# BRIEF
Leaving out pictures, output exactly the lines below from the one that has "Ladies' Sports Cushioned" through the one that has "A Series of", and nothing else.

# GIVEN INFORMATION

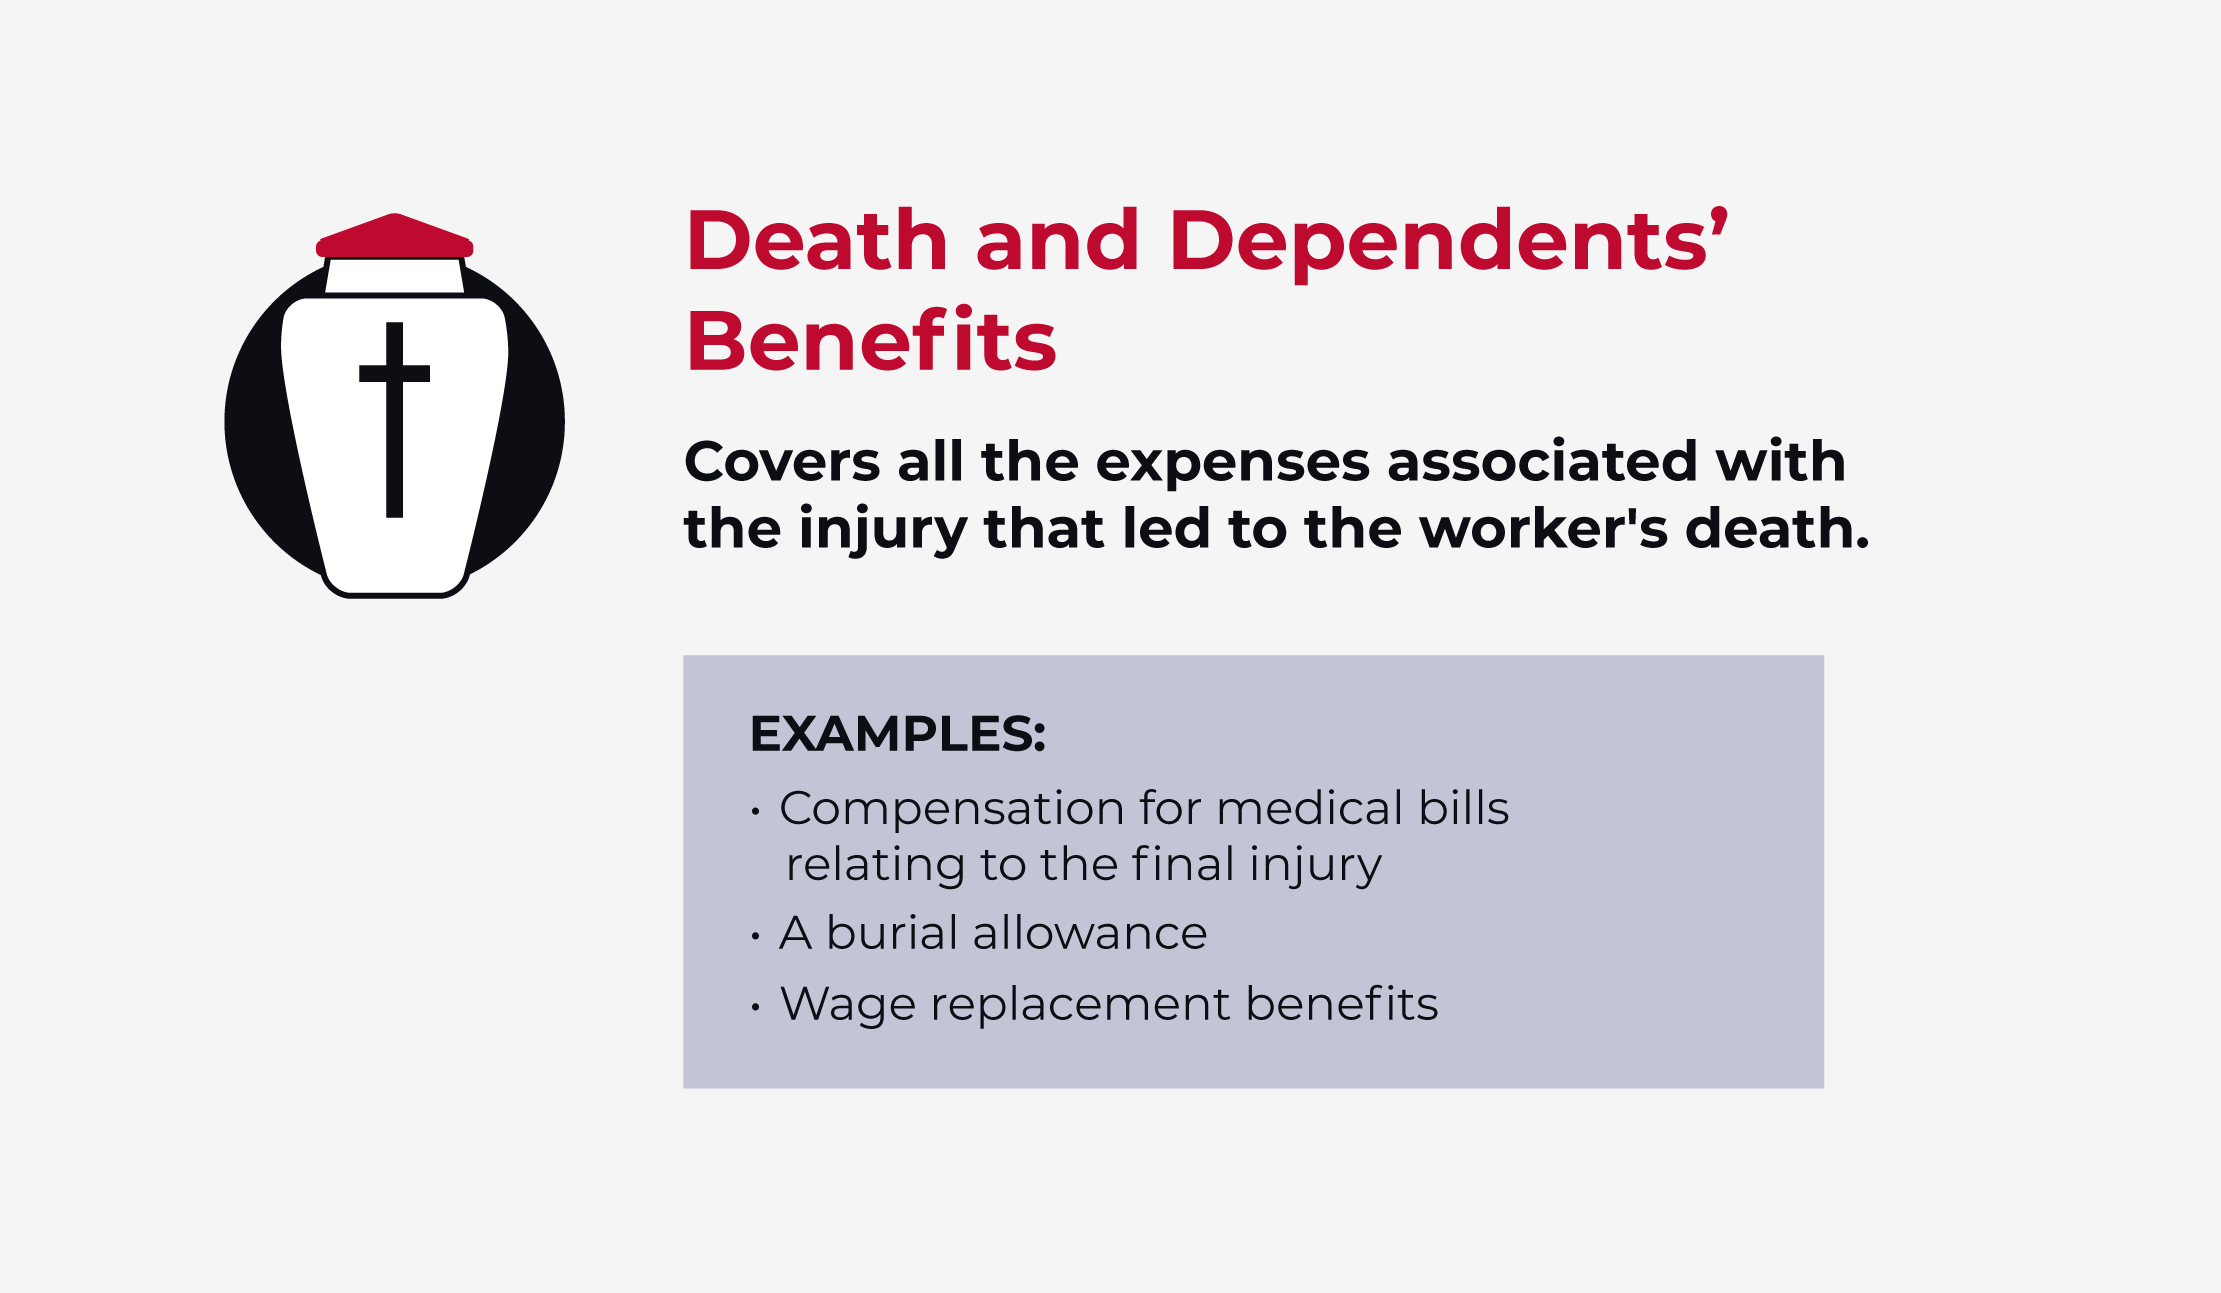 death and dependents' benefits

--

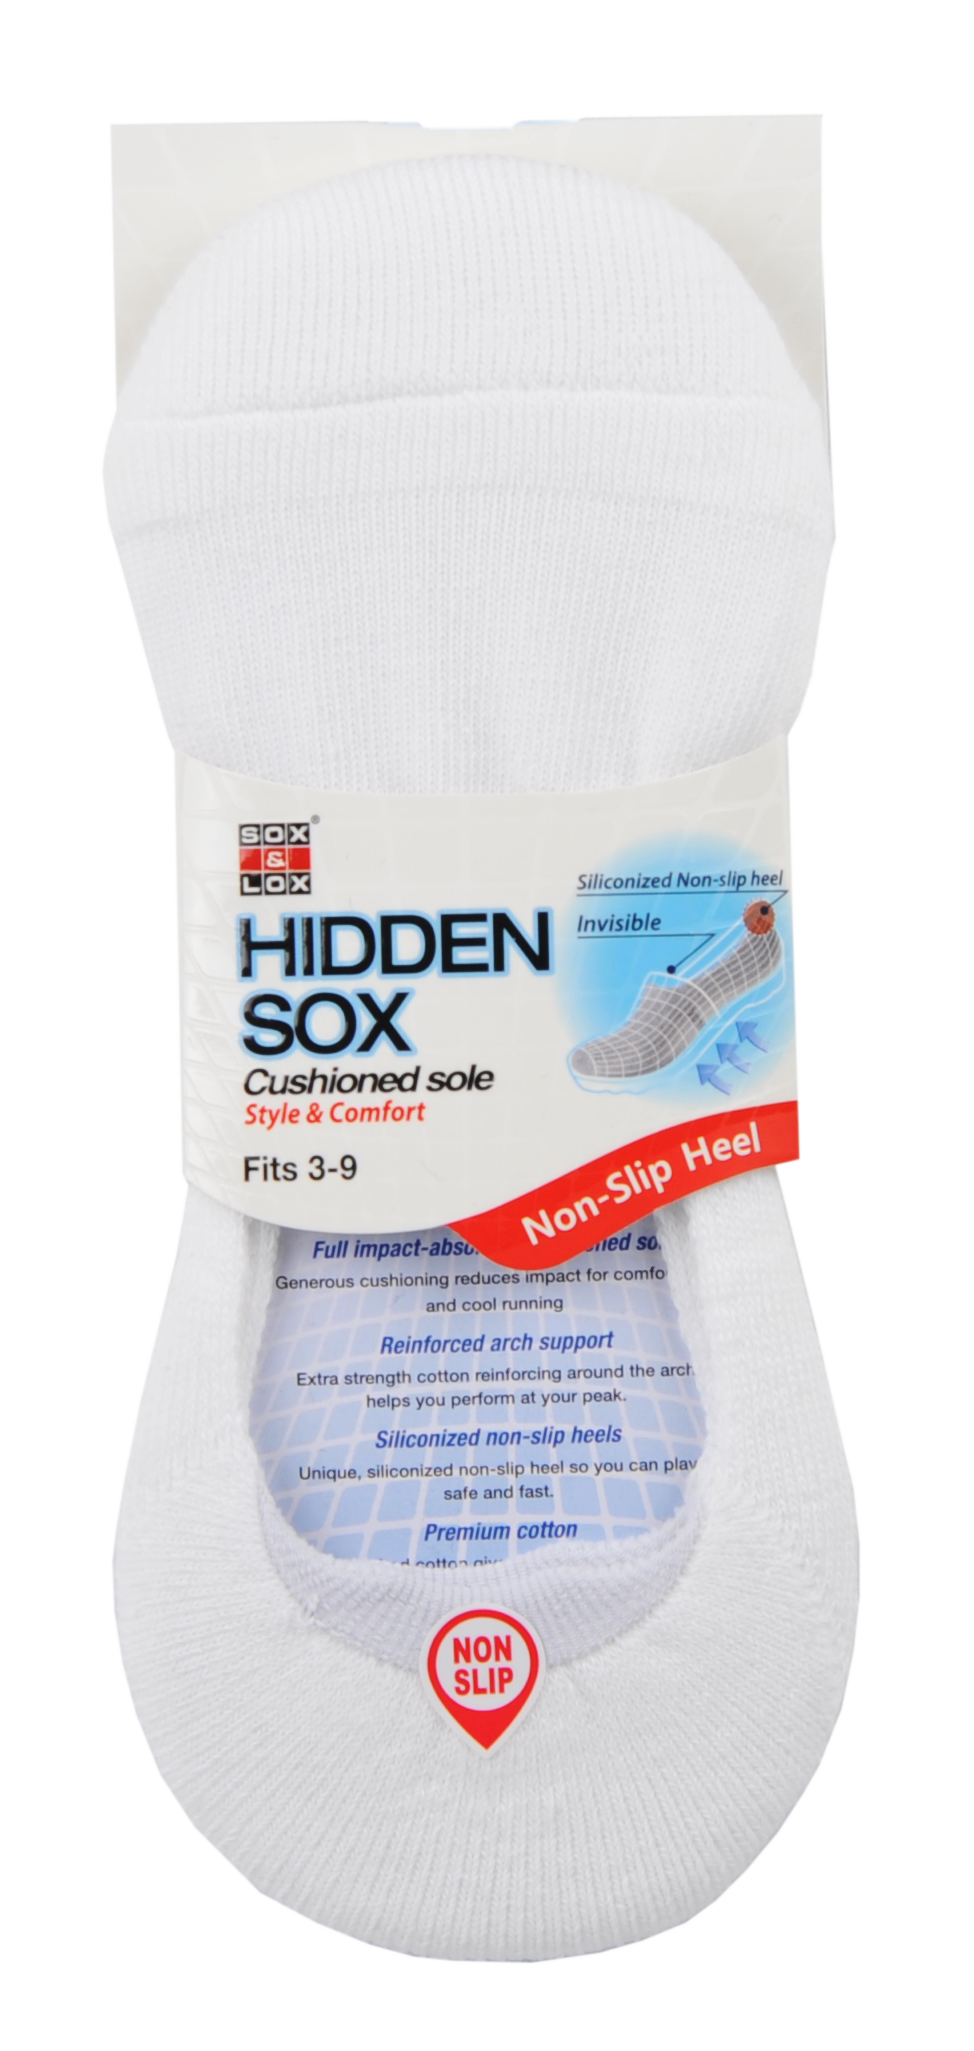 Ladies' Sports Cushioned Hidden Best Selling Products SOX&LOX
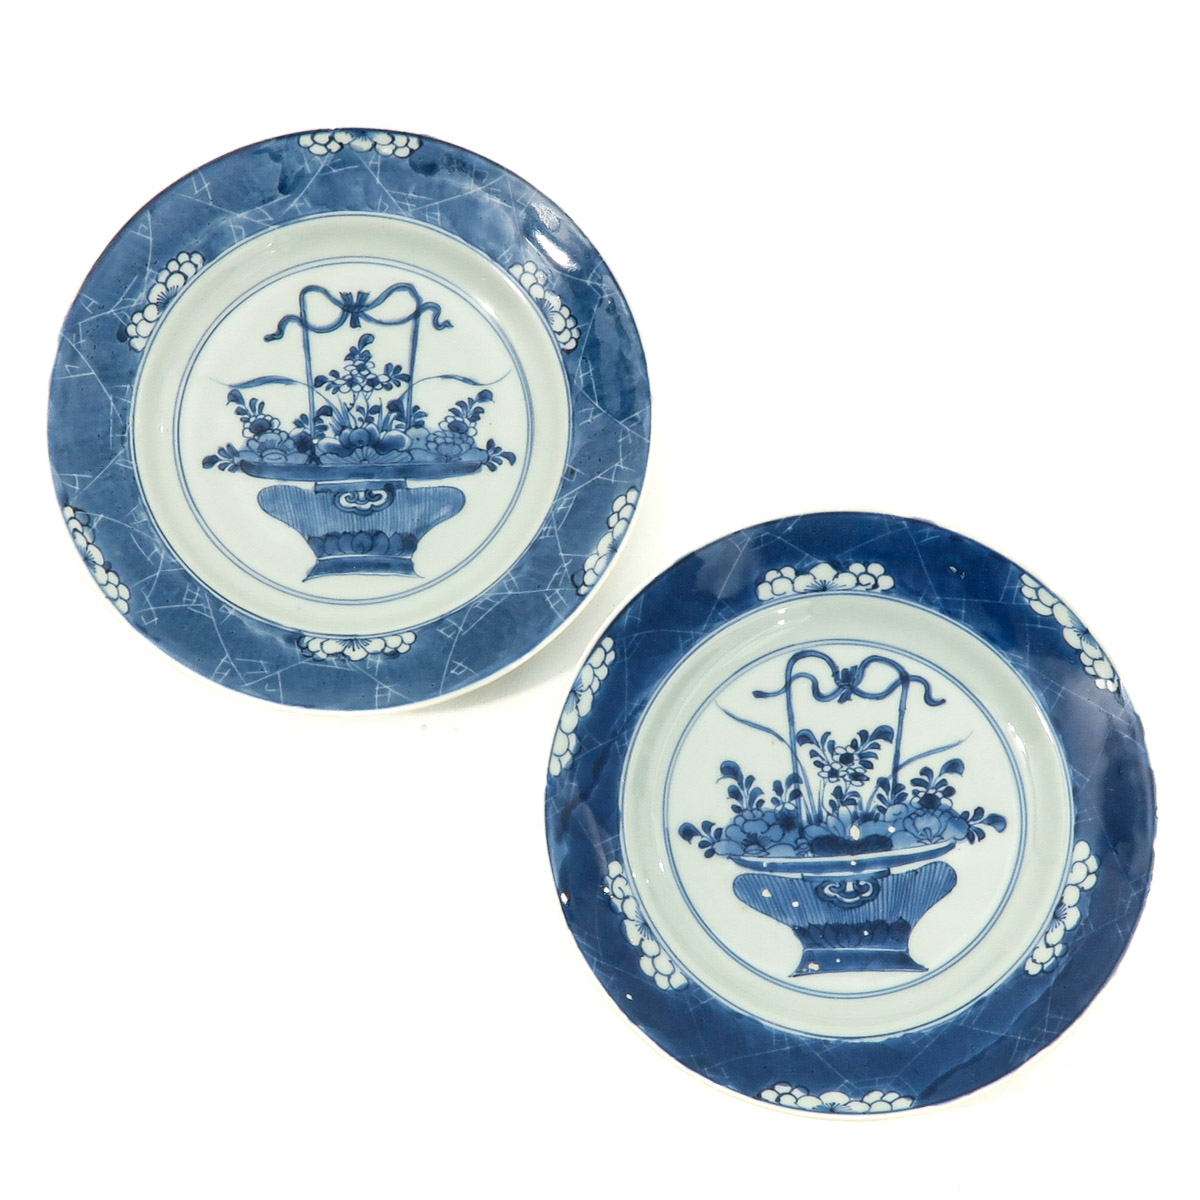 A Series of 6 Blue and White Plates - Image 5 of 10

# TASK SOLUTION
 Ladies' Sports Cushioned Hidden Best Selling Products SOX&LOX
 A Series of 6 Blue and White Plates - Image 5 of 10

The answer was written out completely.